В первый и последний раз в жизни я увидела, как он плакал.
И я прощала ему всё. А прощать было что. Андрей умел ужасно подставлять людей. Он делал это редко, но профессионально — и бескорыстно, из спортивного интереса, так же, как воровал лампочки. Он и меня подставил один раз, выдумав заведомую клевету на постороннего человека — что этот человек якобы повесил уличного кота — клевету, в которую я поверила, которую я распространила и за которую мне пришлось отвечать — один из худших эпизодов моей жизни… Я его даже не упрекнула. Скандал утих, и всё пошло как раньше. Может, Андрей и сам верил в то, что мне сказал, думала я; в остальном я даже не пыталась найти обьяснение его поступку. Сделал и сделал. Почему? Тайна! На него нельзя было злиться, его нельзя было прогнать, невозможно было не слушать его бесконечные лёгкие сказки. Со временем того, что надо было прощать, не становилось больше, но его маленькие предательства обретали тонкость и глубину.
А я прощала. В детстве я не понимала зла. Оно повергало меня в ступор; я не могла понять, как вот это жестокое и мерзкое и так очевидно неправильное может вообще быть, как это может быть кому-то выгодно, кем-то любимо. Я могла понять преступления из страстей, из «я хочу», но не то, что повседневно совершали в своих мирах гиты и не то, что иногда непонятно зачем делал мой друг Андрей.
В ретроспективе всё это свежо и наивно. Я в упор не видела зло. Я считала, верила, знала, что настоящего зла уже нет, что оно осталось в глубоком прошлом, что случайное зло — это всего лишь отдельные рецидивы и что в течение жизни я буду свободна от зла. Я верила, что никогда не буду иметь со злом дела, да и не могу его с ним иметь, потому что я не могла бы сосуществовать с ним в одной Вселенной. Зло не дало бы мне жить, а поскольку я уже живу в этом мире, зло окончательно проиграло и не может снова войти в игру. Я не думала обо всём этом в таких фразах, но я так чувствовала. Я глубоко доверяла миру. Сейчас же я имею дело в основном с тем, что хочет не дать мне жить. Со злом.
4. Всё идёт по плану
Однажды — мне тогда было лет десять — я проснулась глубокой ночью. Этого со мной до тех пор почти не случалось. Я приоткрыла глаза и некоторое время присматривалась к полосе света, которая падала в комнату через окно и медленно ползла по потолку. Всплывая из пучины сна, я всё более отчётливо слышала песню, которую пели во дворе задорные голоса. Хотя эта песня меня поразила, я совершенно не помню её содержания; запомнился только припев:
— Всё идёт по плану!.. Всё идёт по плану!..

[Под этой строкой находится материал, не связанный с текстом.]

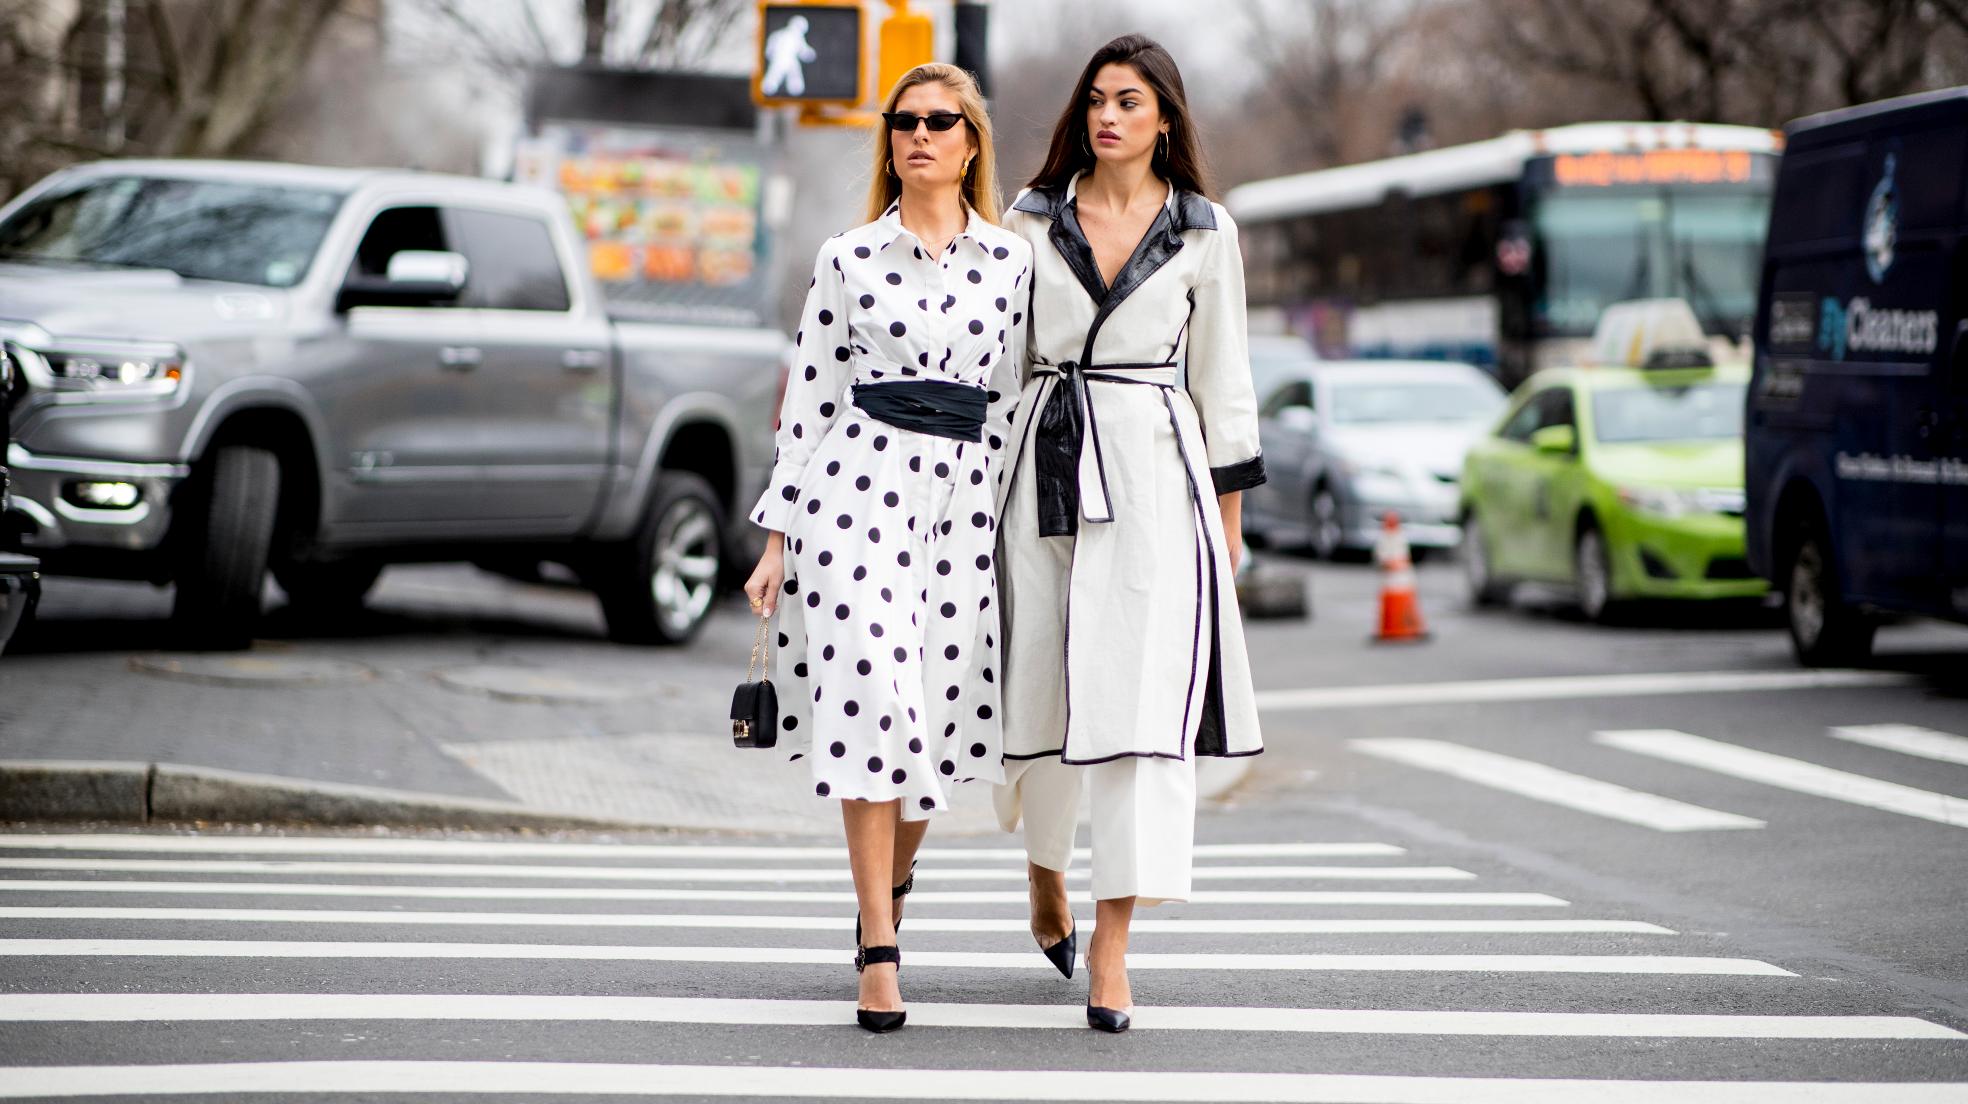 Los vestidos de lunares de la nueva colección de Zara van a arrasar en Instagram otros looks para sumarte a la | Mujer Hoy

Я лежала в постели и всё явственней понимала, что это правда. И меня охватило неповторимое чувство посвящённости в суть вещей. Ни следа беспокойства во мне не осталось. Раз всё идёт по плану, то и беспокоиться не о чем. Прошли годы, прежде чем до меня дошло, что этот план был не наш. И что весёлые люди, с песней шлявшиеся по улицам ночью, возможно, и были чудовищами, удушившими кота, которого мы с Андреем нашли одним майским утром в траве, с верёвкой на его мёртвой шее.
5. Ich bin ewig
В школе Андрей был тихим оппортунистом. Как-то раз, когда нам было лет по тринадцать-четырнадцать, он поделился со мной мужским опытом: «С ней один раз переспишь, и никаких проблем у тебя больше не будет». Девочка, о которой шла речь, была юной шлюшкой, популярной среди неблагополучных подростков. Неблагополучные были в основном не государственные, а из обычных семей, как Андрей, который жил с отцом-алкоголиком, незлым и неопасным человеком, и с мачехой, очень неплохой женщиной.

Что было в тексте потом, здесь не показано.